Once the summer actually arrived, however, it was like she had no idea what she wanted to do. On that first week off Namine and I just sat in her room, me lying half on her bed, her painting at her easel, which looked out her window out into the woods behind her house. She quietly hummed the paintbrush created a picture in a seemingly magical way. Tall oak trees spread their leaves like a carpet above the ground and she tried her best to recreate that on her canvas. I looked around her room and took everything in; the light blue color of the walls bordered with orange wallpaper. The rug beneath me was bright pink and I could still see the faded yellow of the fan blades as the ceiling fan spun lazily above me, like a jellyfish that just coasted through the ocean. 3 of Namine's 4 walls were completely bare of any decoration and the 4th hosted some of her paintings. Each was a microcosm that easily could've been an actual world, an actual scene but wasn't.

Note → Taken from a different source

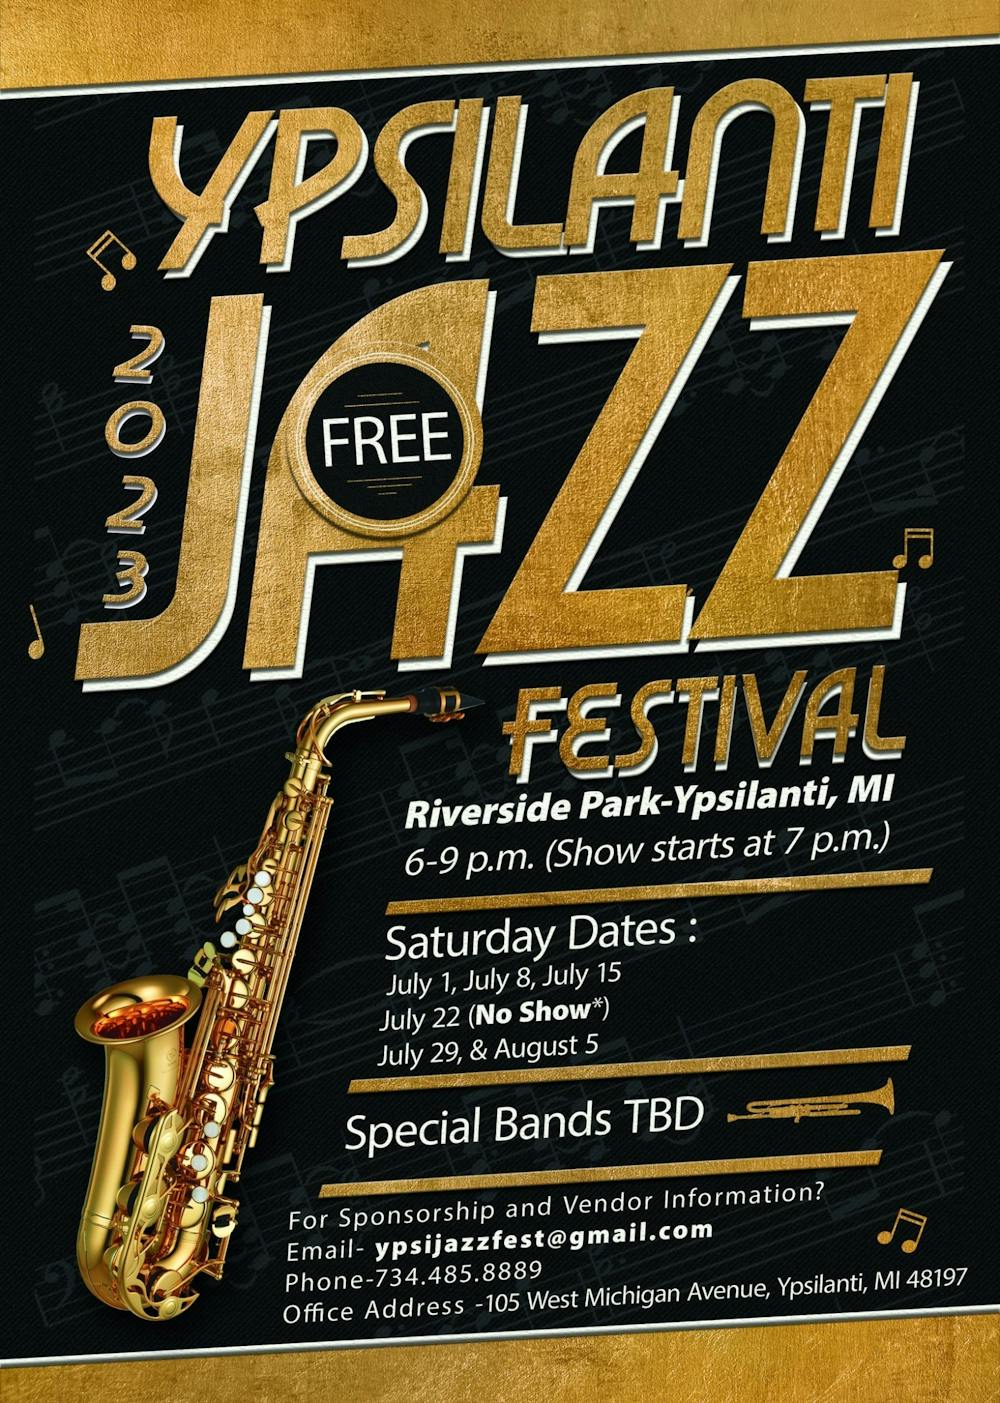 Ypsilanti Jazz Festival returns with music and festivities for the

We hardly spoke at all that week.

By the next week, I could sense Namine's free spirit growing restless in the boredom of summer in suburbia. She would fidget, tap her fingers on her leg, anything to distract her. Until all at once she leapt up, grabbed me by the hand, and yanked with all the strength in her skinny little arm until I was standing up. "Come on" she moaned "We have to do something".

I followed her out the door and into a world that seemed all together strange and familiar. Together we ran down down down to the park at the end of town, stopping only to catch our breath once or twice. Traffic wasn't an obstacle; we raced through the streets like gazelle's running from a lion. This time, however, the lion was called "boredom" or maybe "fear". Fear of losing the last 2 months of our childhood. I still don't know which it was.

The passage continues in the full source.